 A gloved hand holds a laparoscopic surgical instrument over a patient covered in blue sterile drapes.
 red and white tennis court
====
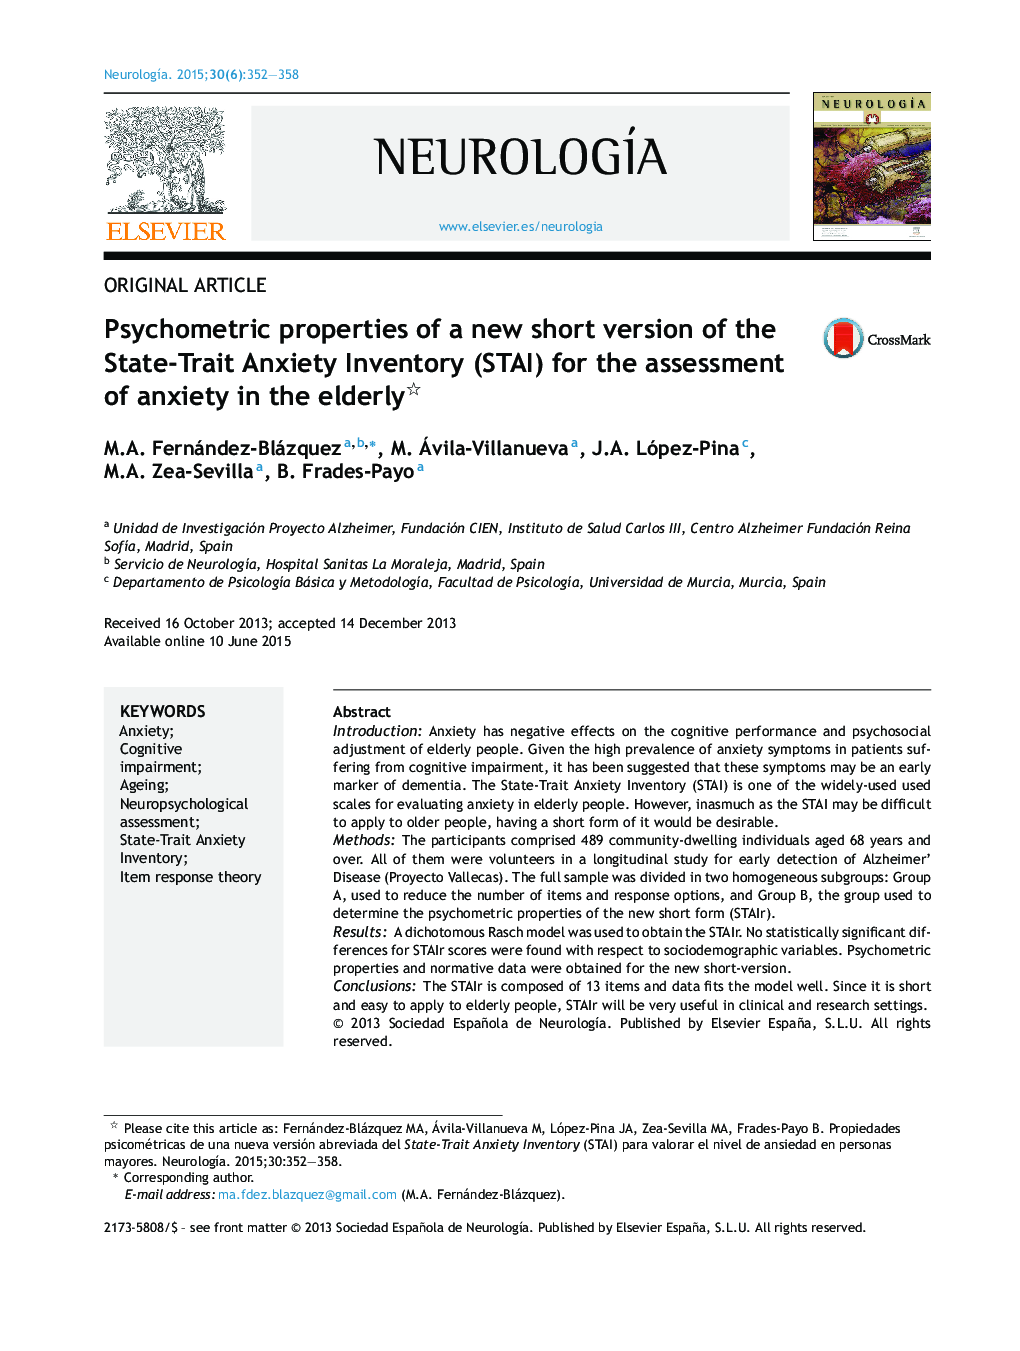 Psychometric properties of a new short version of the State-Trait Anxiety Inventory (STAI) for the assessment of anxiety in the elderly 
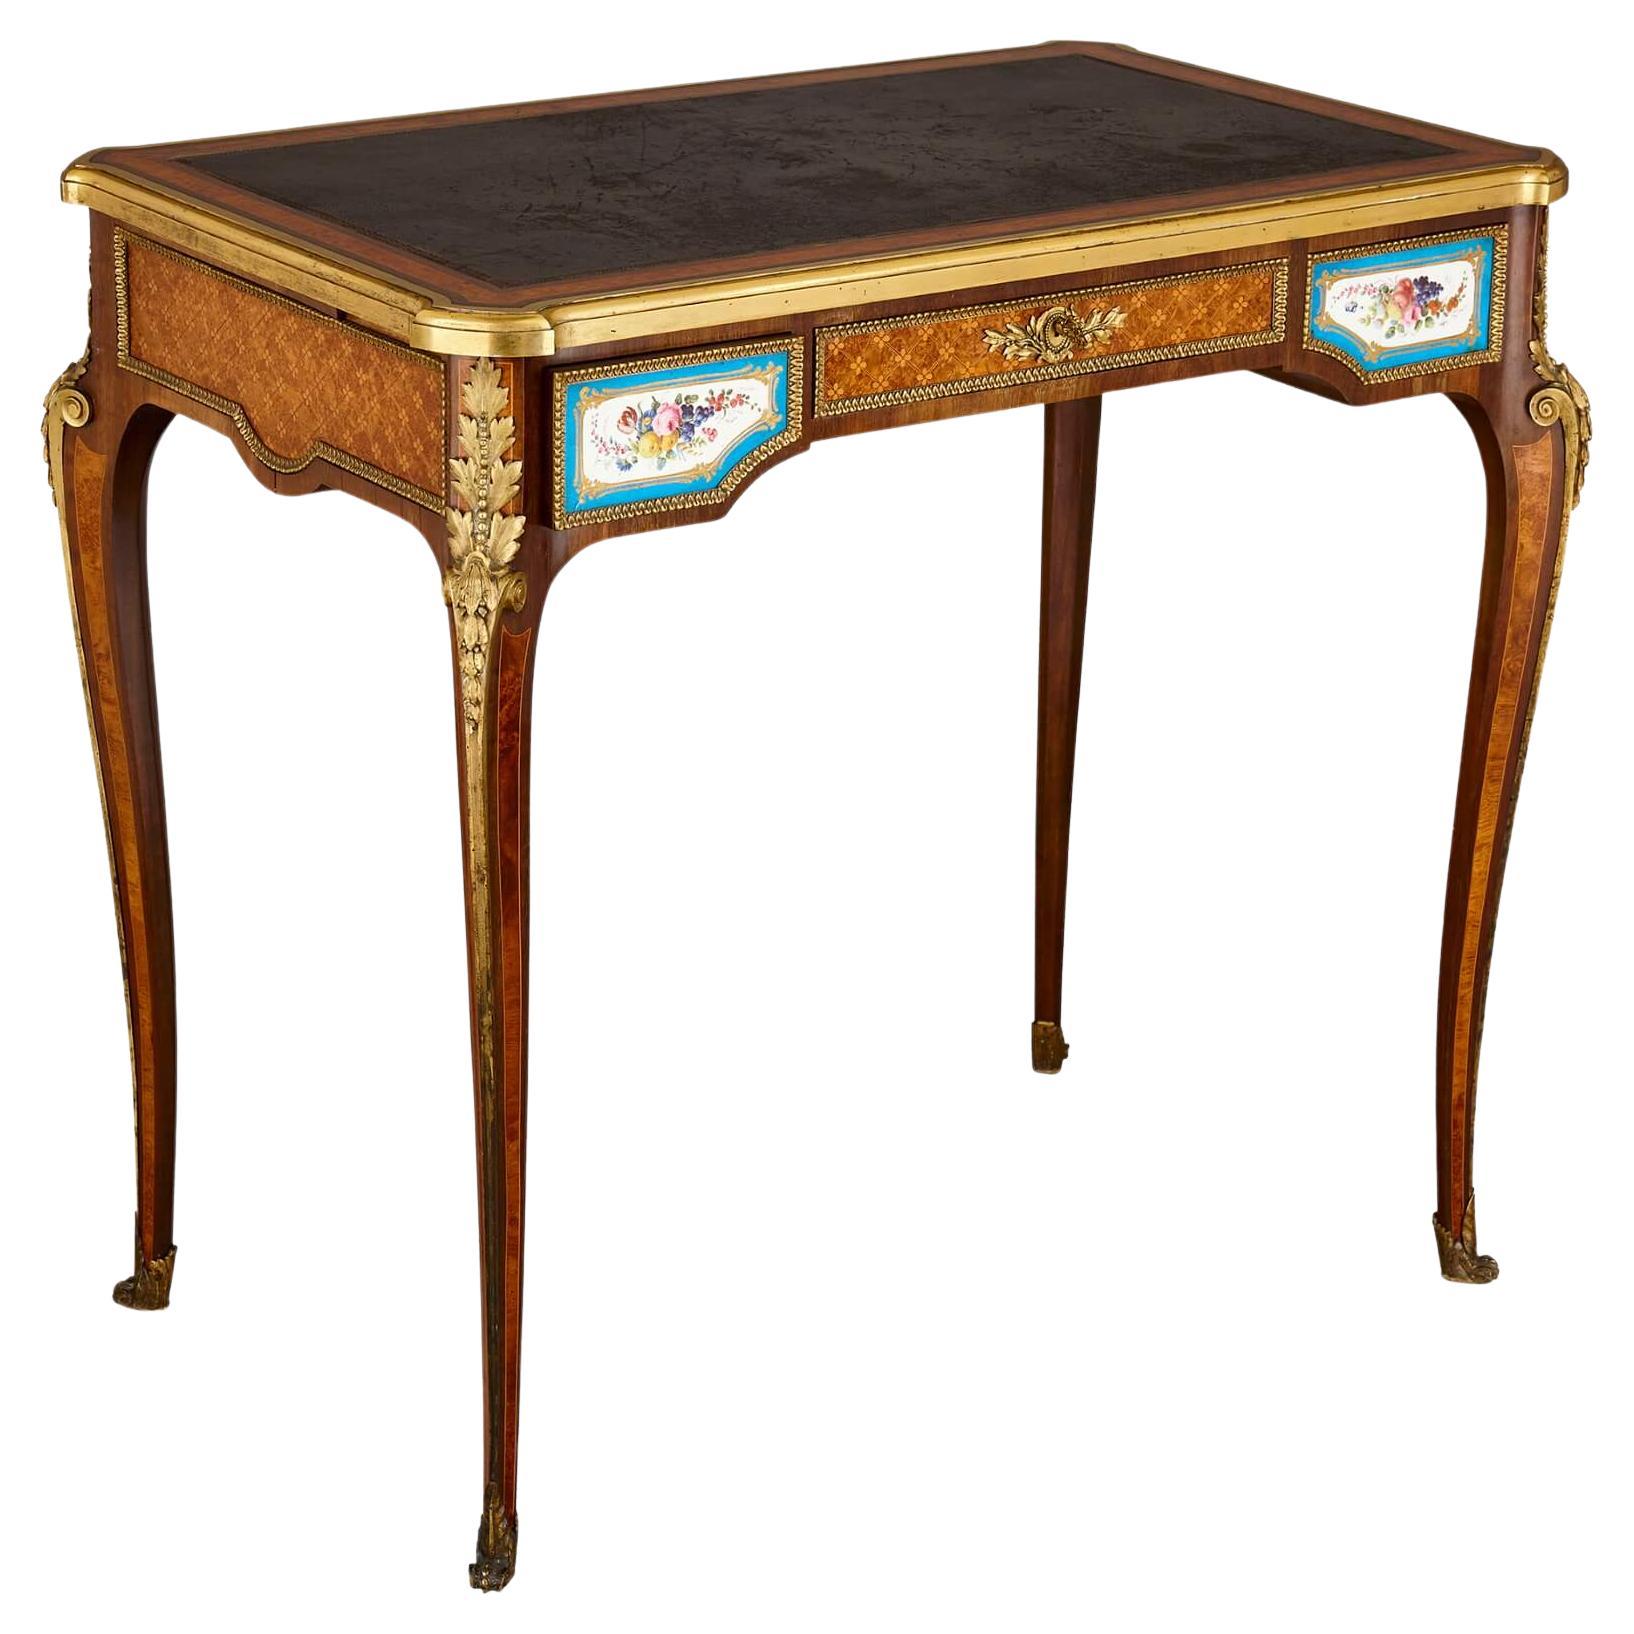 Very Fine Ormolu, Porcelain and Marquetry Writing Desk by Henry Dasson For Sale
====
Task description:
Copy the lines above exactly. Start with the line containing "A gloved hand", end with the line containing "red and white tennis court", and include both.

The answer:
 A gloved hand holds a laparoscopic surgical instrument over a patient covered in blue sterile drapes.
 red and white tennis court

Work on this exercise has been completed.